Monday, March 31, 2014



The 'L' Word



Love has been transcending as a phenomenon through ages, as the most central of all the feelings and emotions, that the people have known since their existence. Love has been the abstract form of what has bonded humans and acted as a basis of human connection. Love has been galvanized in word, poetry or picture across all the civilizations  through tales, legends and songs of love. Every civilization has love in the form of sanguinary tales or the serene and soft love stories.Incidentally, love has been irrationally associated with the heart, an absolute simile portraying love as the most central of all human emotions just as the heart is the most central of all the human parts.

Scientifically, a neurohypophysial hormone called ‘Oxytocin’, the so called love hormone, activates feelings of trust and attraction between people when it is released in the brain. Is love just a hormone induced repercussion? And is everyone just dancing to the symphonies composed by our hormones?

World over, there is a plethora of fabled lovers in a lost cause. There are instances like  Romeo and Juliet, Odysseus and Penelope, Antony and Cleopatra, Scarlett O'Hara and Rhett Butler in the west and simliarly Layla and Majnun in Persia, Liang Shanbo and Zhu Yingtai in China or Heer and Ranjha in India. There are fables of unrequited lovers, most of which were later recreated in cinema. There are even fables where unrequited love is canvassed as the form of love which keeps the flame of the soul burning forever, for only an unrequited lover who lived all his life, hoping for his unrequited love to put water into his beds of devotion, where he has sown his seeds of love.          

One really doesn't have to gasp for love and despise happiness if they don’t get the person they love , for there is love in every relation and every small experience with a person involves love of some kind , however minuscule it is.If one does what he likes and appreciates thankfully whatever he has, then all the positivity and feelings which bring us cheer and joy with whoever the person it is- friends, family, etc
There is nothing like perfect love, for it’s a Utopian concept of everything perfectly falling into place and seldom are any relationships perfect, or are they?

            Love is an overrated illusion, these days, because people spend lives looking for love 'out there', while in reality they are essentially seeking someone out there, to love them, to make them feel happy and make them feel better about themselves, when actually, that love is within them all the time. That might make you ponder; Does love make your happiness and sadness dependent on someone else, outside you?
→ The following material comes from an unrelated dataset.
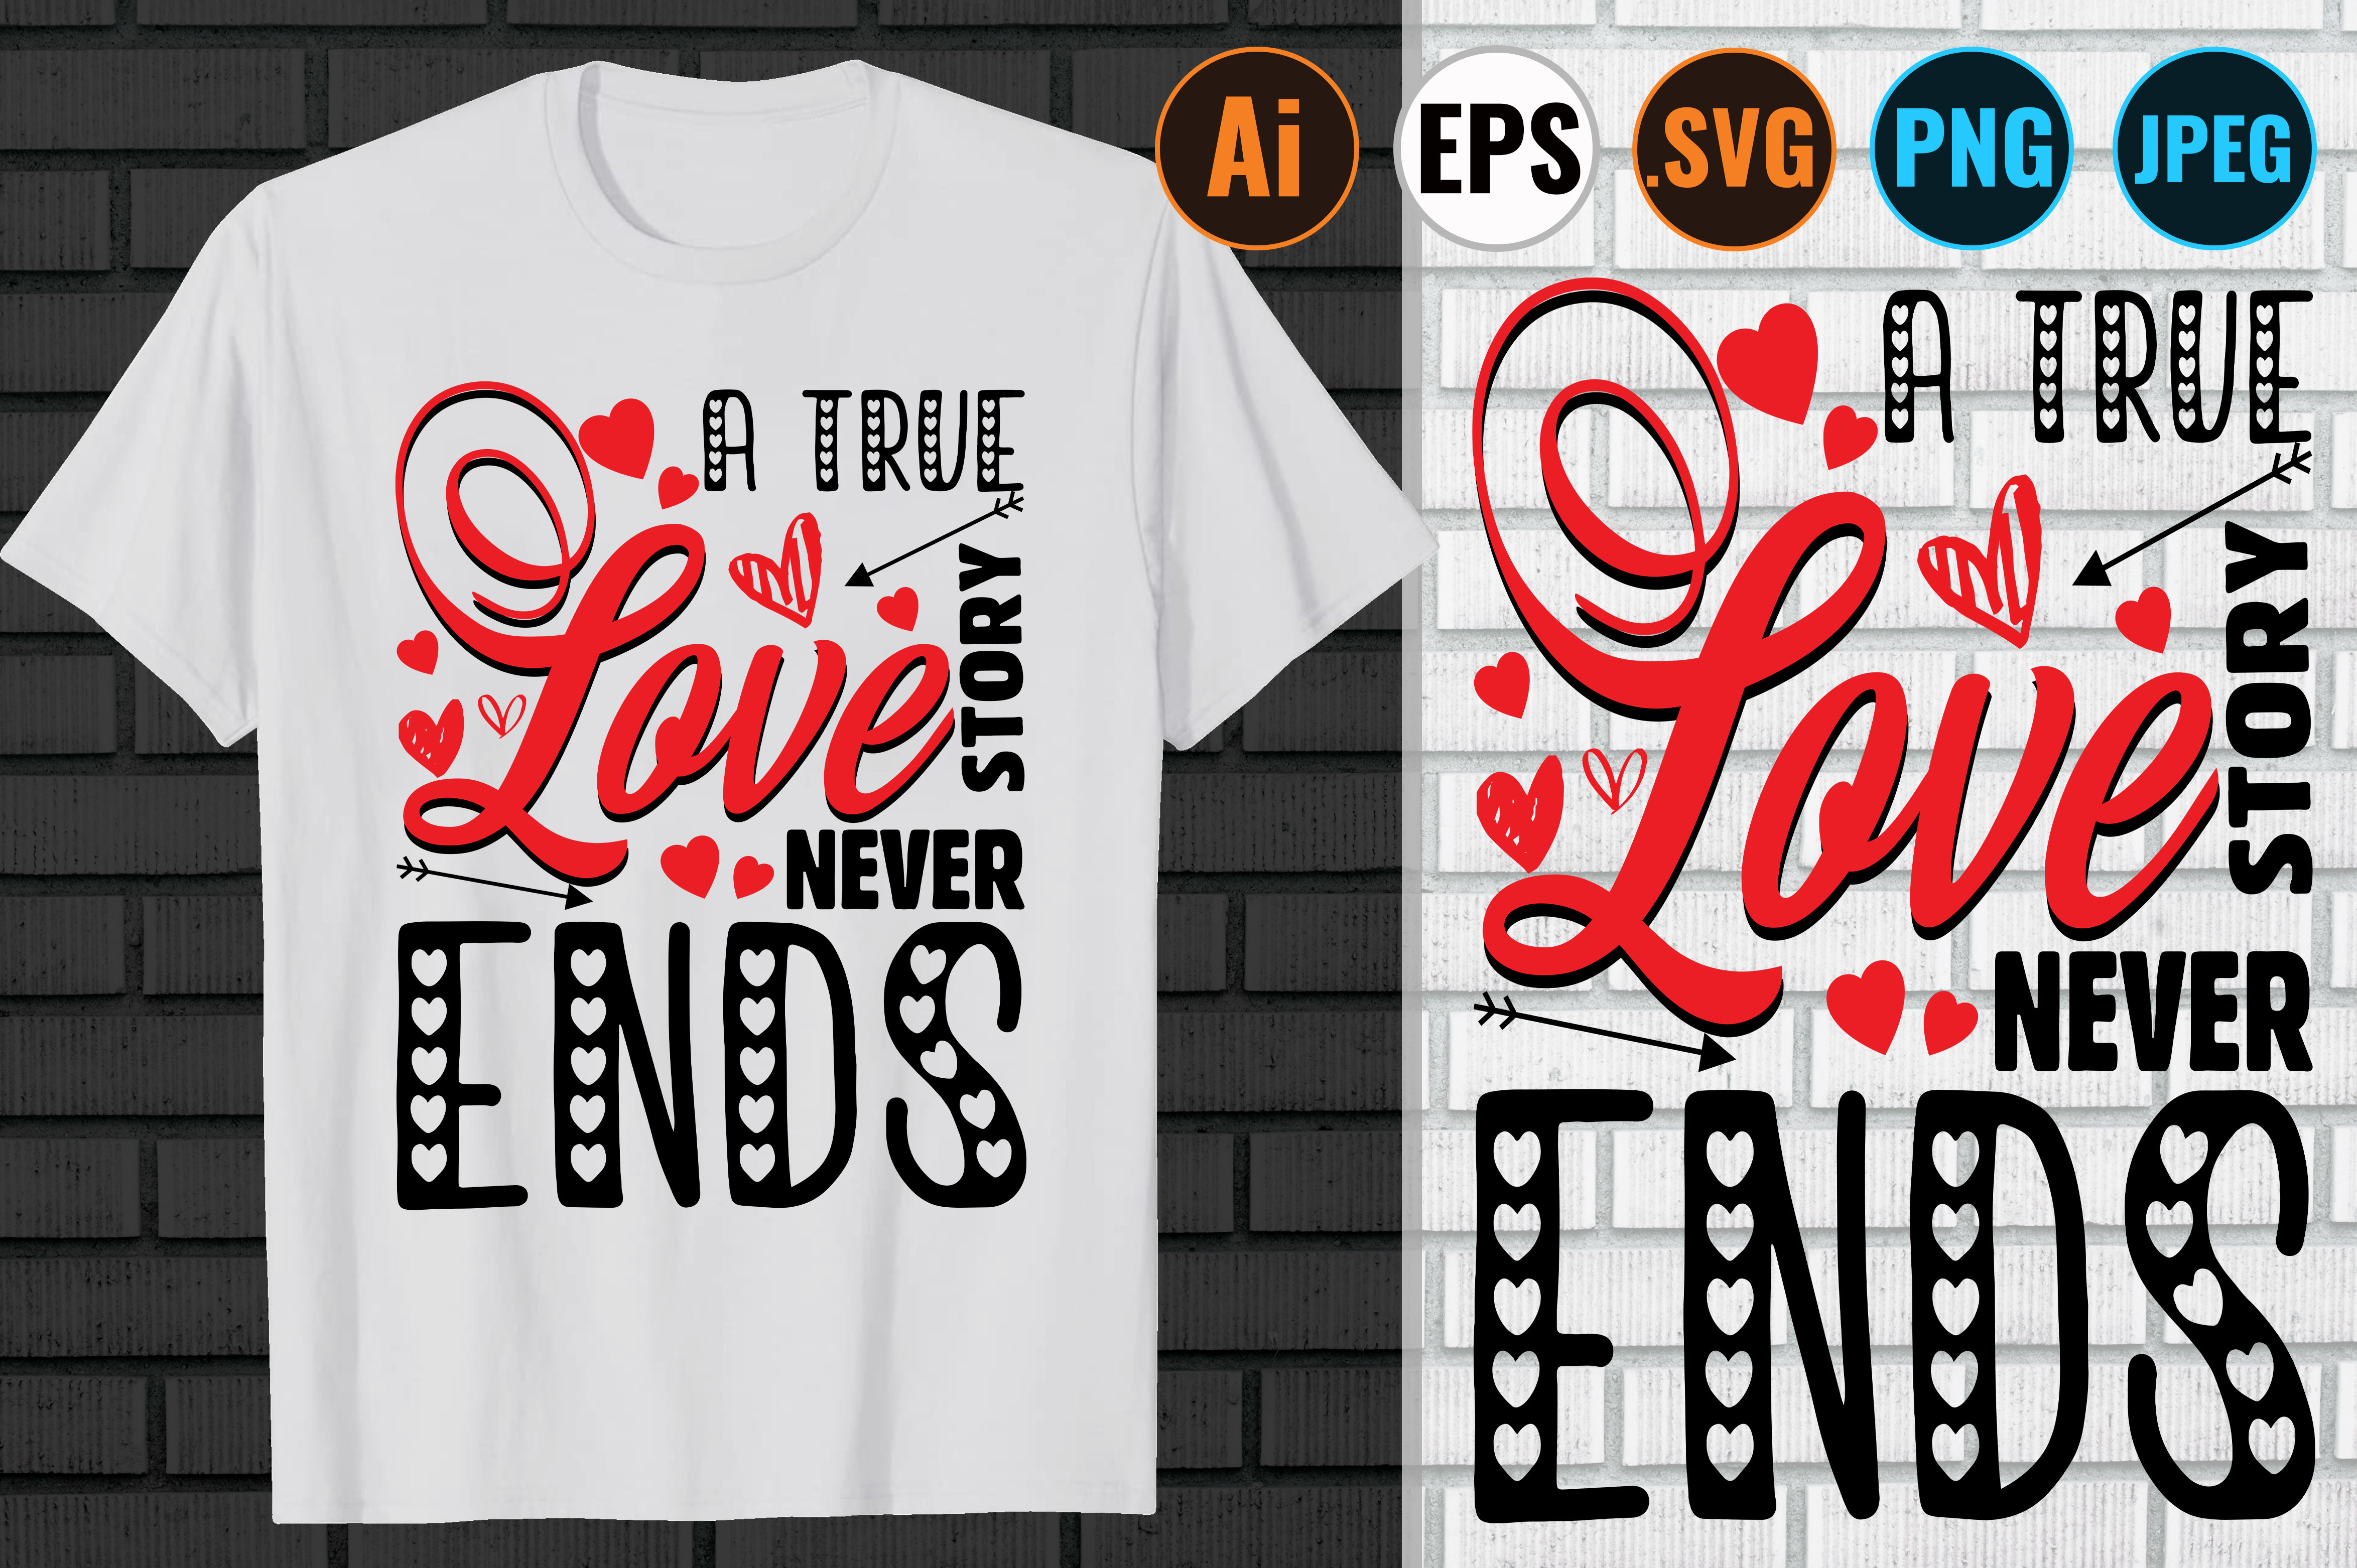 Valentines T-shirt Design 5 Graphic by aminulxiv · Creative Fabrica

          While the world’s obsession with Love, will increase everyday, with each song /movie / book etc about love, maybe a level of introspection is required as to whether love is actually a coup de foudre. And maybe the following lines from ‘Fountainhead’ can be enlightening perhaps

Excerpts from FOUNTAINHEAD ,by  Ayn Rand:

“Personal love is a great evil- as everything personal. It always leads to misery. Personal love is an act of discrimination, of preference. Its an act of injustice- to every human being on earth whom you rob of the affection arbitrarily granted to one. Love all men equally. But one cannot achieve so noble an emotion if one doesn’t kill his selfish little choices. They are vicious and futile- since they contradict the first cosmic law, i.e “The basic equality of men”.

Love has been glorified through ages, thanks to glossy portrayal of it through various media- books, cinema.  At the same time it has also been marauded by elucidation, because of the notion that love hurts and emboldens depression which is so untrue. Its rejection that hurts , it’s the fear of losing someone that emboldens depression, not love.